- Dhaulagiri Rural Municipality Location in Nepal
- Coordinates: 28°28′28″N 83°21′18″E﻿ / ﻿28.474543°N 83.354875°E
- Country: Nepal
- Province: Gandaki
- District: Myagdi District

Area
- • Total: 1,037 km^{2} (400 sq mi)
- • Rank: 10th (Nepal)

Population
- • Total: 14,104
- • Density: 13.60/km^{2} (35.23/sq mi)
- Time zone: UTC+5:45 (Nepal Time)
- Website: http://dhawalagirimun.gov.np/

= Dhaulagiri Rural Municipality =

Dhaulagiri Municipality (Nepali :धवलागिरी गाँउपालिका) is a Gaunpalika in Myagdi District in Gandaki Province of Nepal. On 12 March 2017, the government of Nepal implemented a new local administrative structure, with the implementation of the new local administrative structure, VDCs have been replaced with municipal and Village Councils.
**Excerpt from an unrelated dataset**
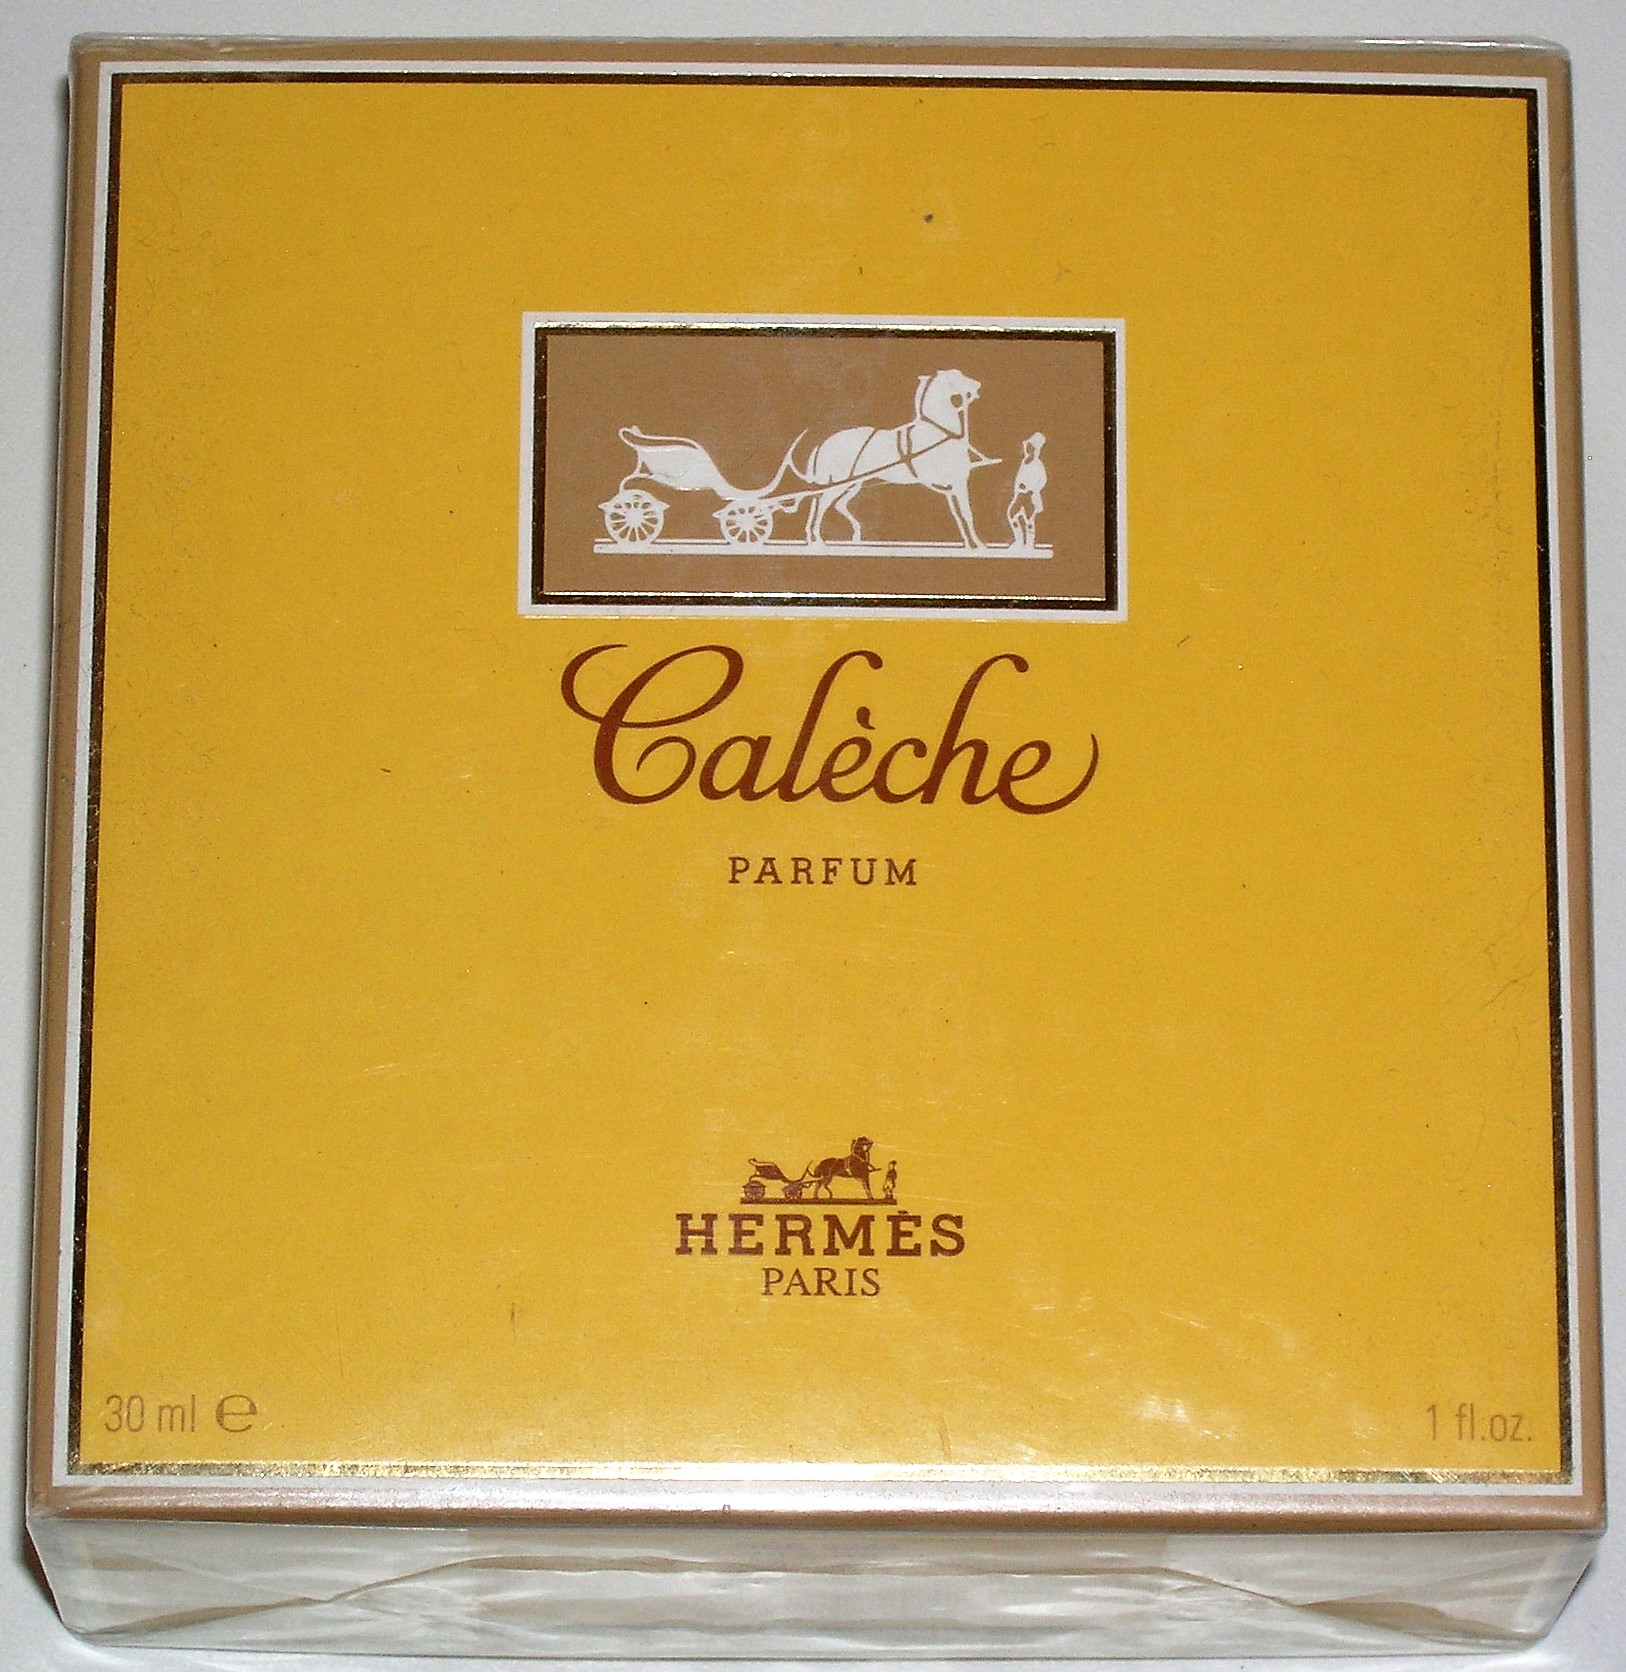 Ml Fl Caleche Hermes Oz 1 30 Parfum doxCeBr

Dhaulagiri is one of these 753 local units.

==Demographics==
At the time of the 2011 Nepal census, Dhaulagiri Rural Municipality had a population of 14,112. Of these, 94.7% spoke Nepali, 4.6% Kham, 0.2% Sanskrit, 0.2% Sign language, 0.1% Chantyal and 0.2% other languages as their first language.

In terms of ethnicity/caste, 33.6% were Magar, 30.9% Kami, 12.9% Chhetri, 9.8% Chhantyal, 5.0% Hill Brahmin, 1.9% Damai/Dholi, 1.9% Gurung, 1.3% Thakuri, 1.1% other Dalit, 0.6% Sarki, 0.6% Thakali, 0.1% Gharti/Bhujel, 0.1% Pattharkatta/Kushwadiya and 0.3% others.

In terms of religion, 94.0% were Hindu, 4.0% Buddhist, 1.8% Christian, 0.1% Prakriti and 0.1% others.

In terms of literacy, 63.6% could read and write, 3.9% could only read and 32.4% could neither read nor write.

== Population ==
According to the National Census, the total population of Dhawalagiri Rural Municipality is 12,616 and there are 3,176 households.